A faithful copy of the data, pictures omitted, is the required answer.
:: GIVEN INFORMATION ::
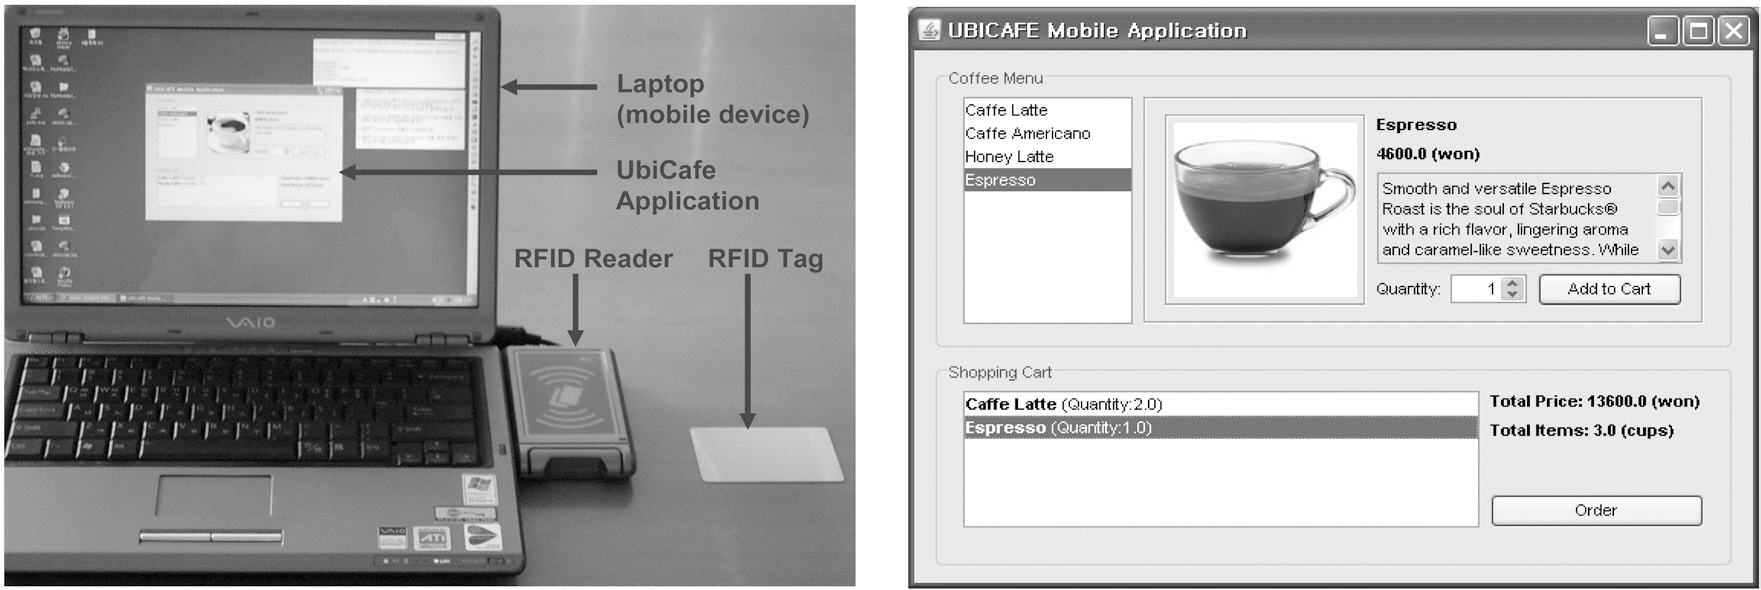 UbiCafe application. The left picture is hardware prototype of customer’s mobile device for UbiCafe application and the right snapshot is a graphicaluser interface for a customer.
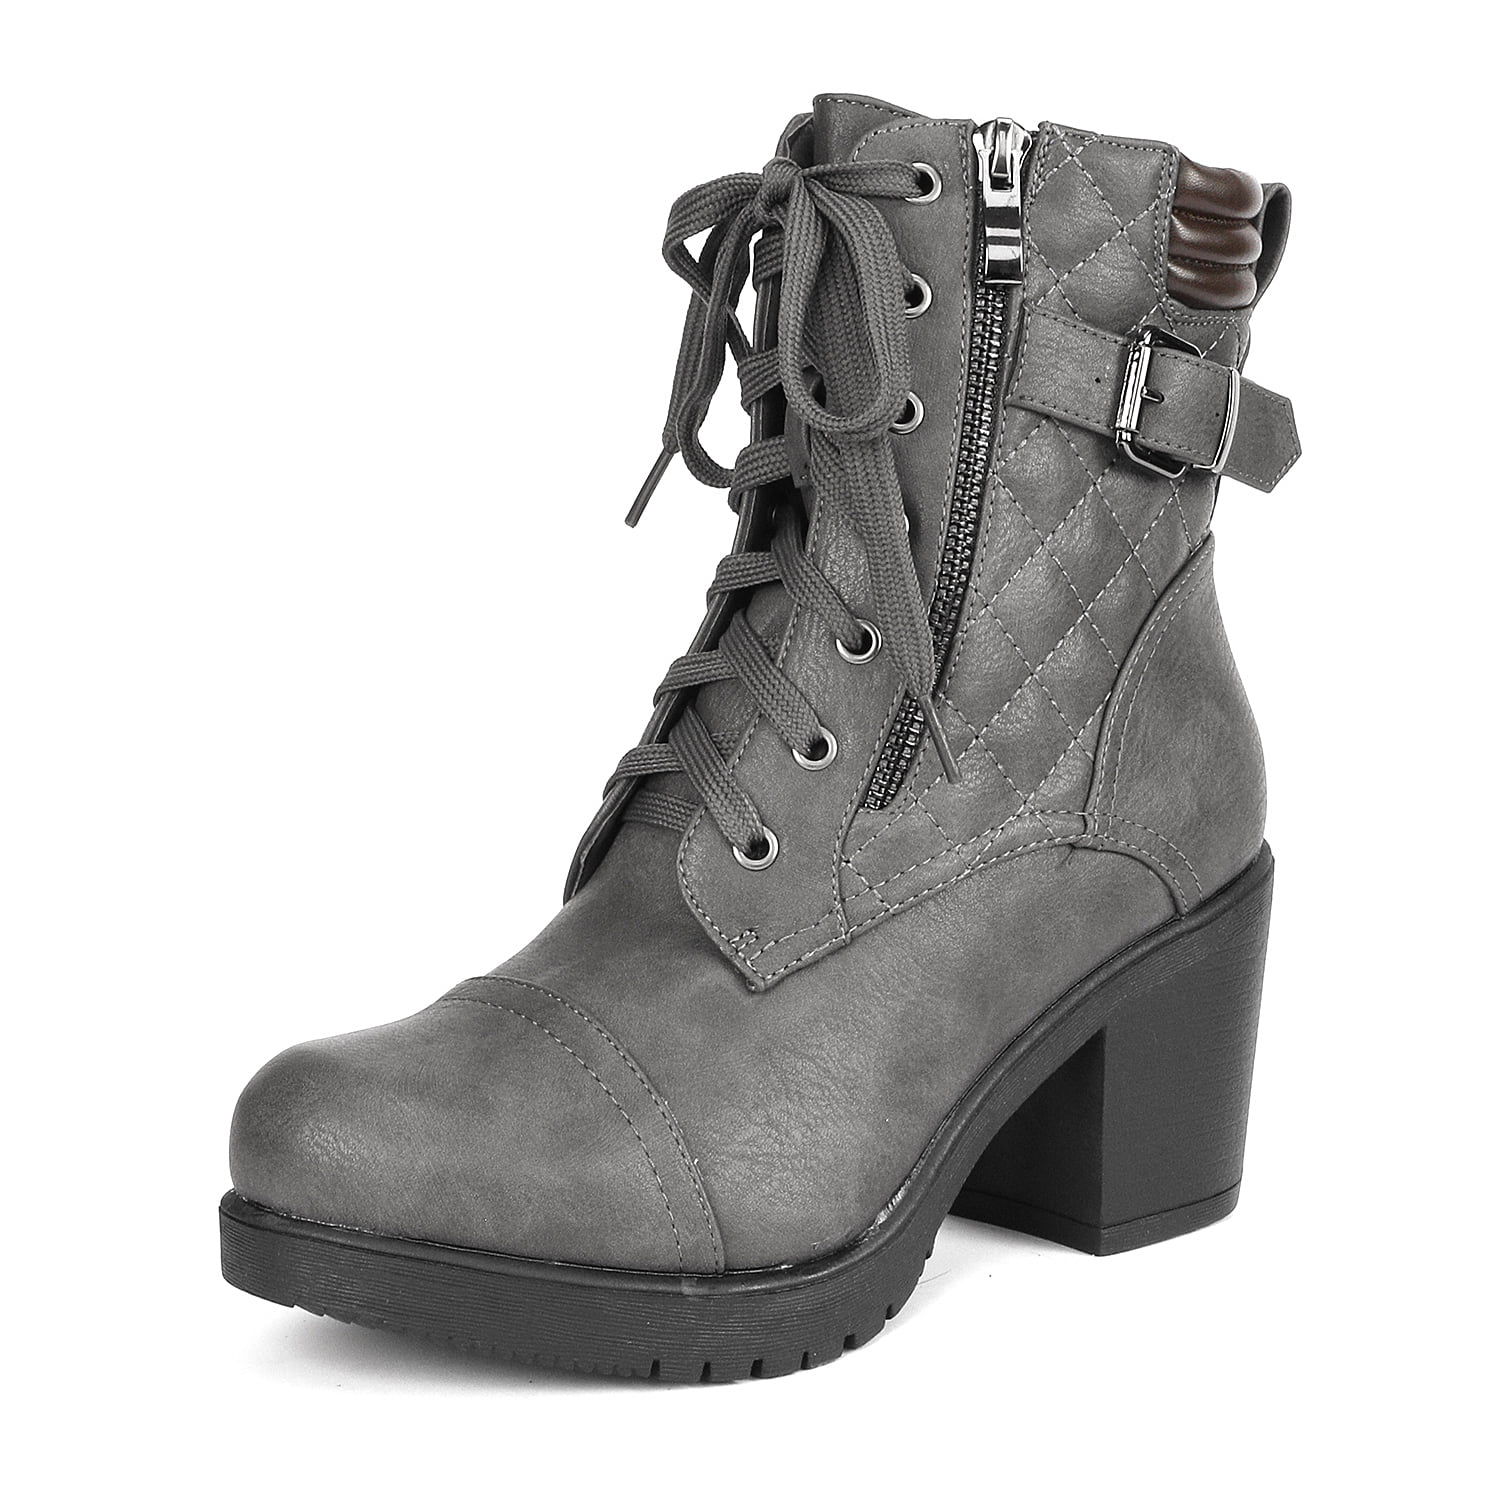 dream pairs women's high heel ankle boots
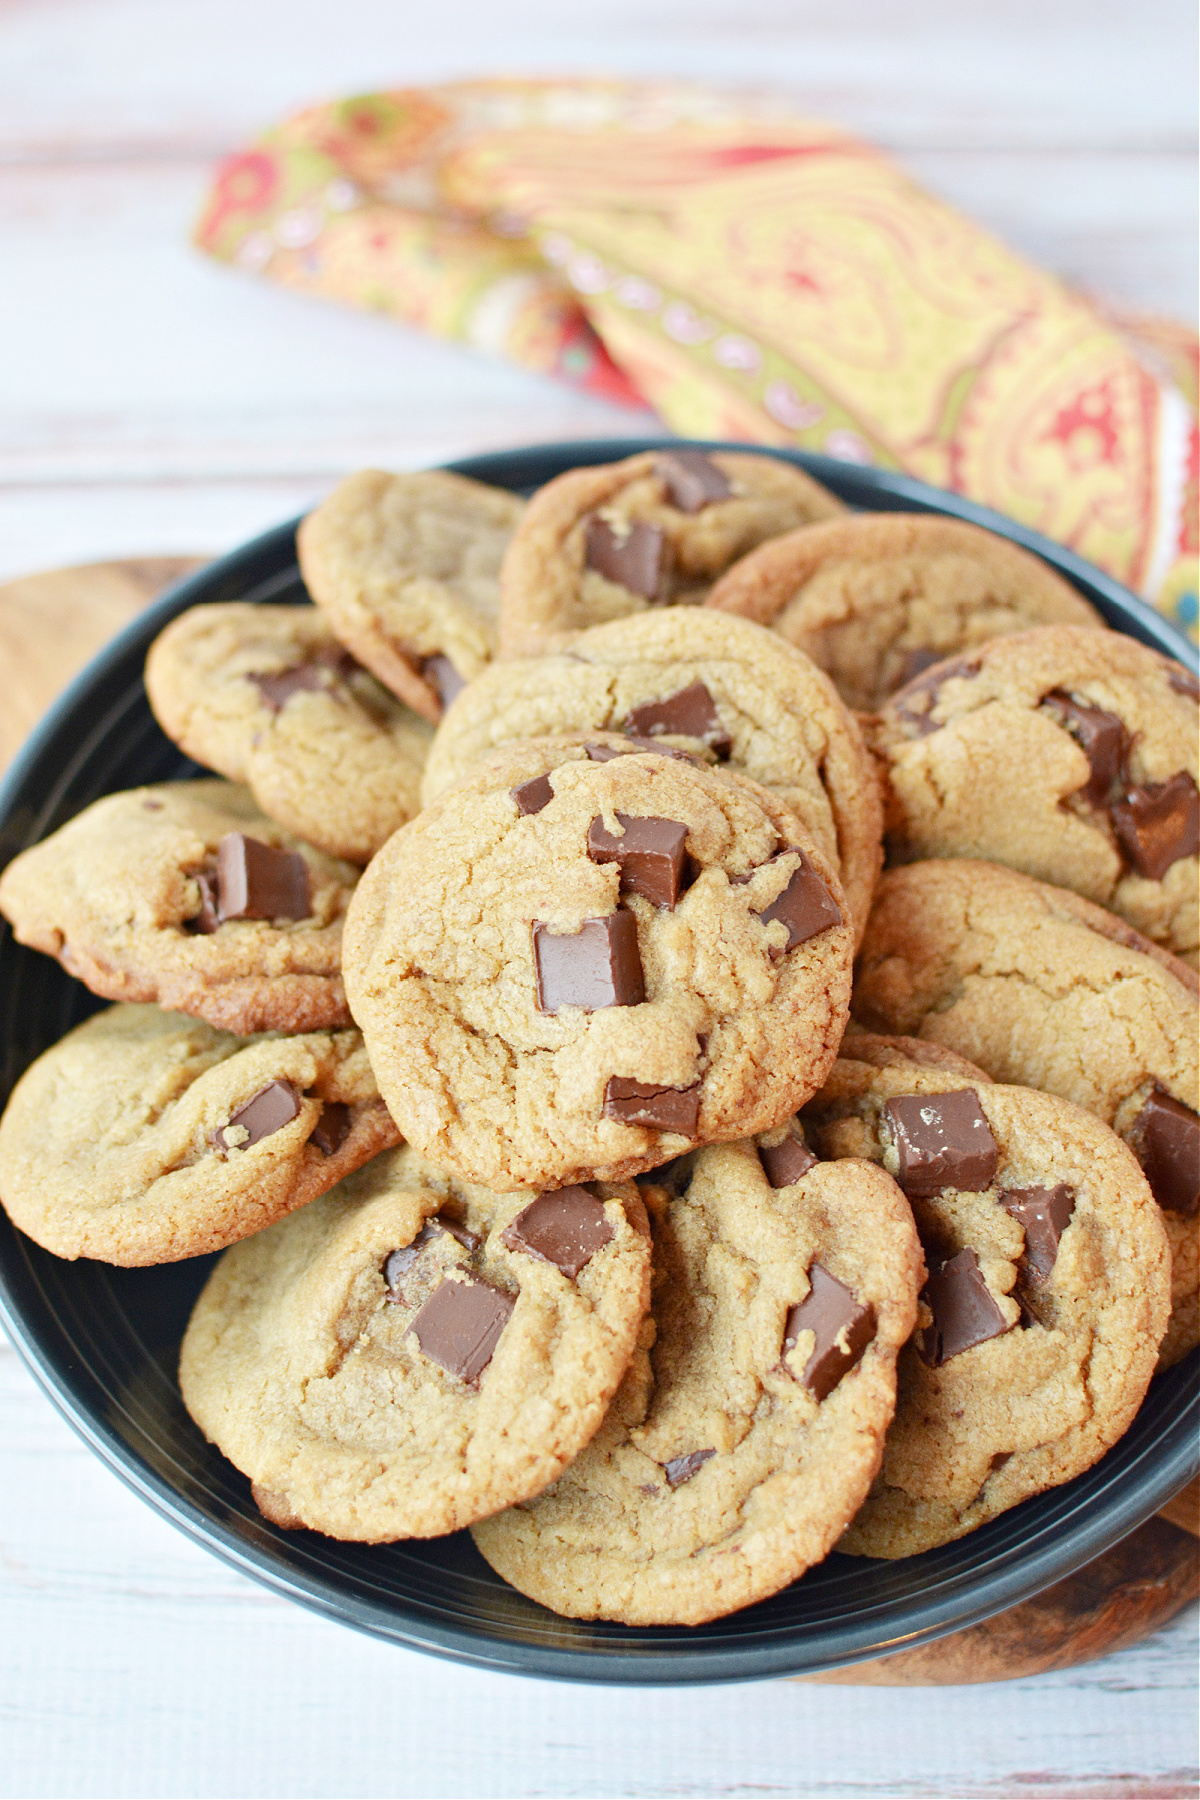 Million Dollar Cookies filled with chocolate chunks
:::
WRITTEN SOLUTION =
 UbiCafe application. The left picture is hardware prototype of customer’s mobile device for UbiCafe application and the right snapshot is a graphicaluser interface for a customer.
 dream pairs women's high heel ankle boots
 Million Dollar Cookies filled with chocolate chunks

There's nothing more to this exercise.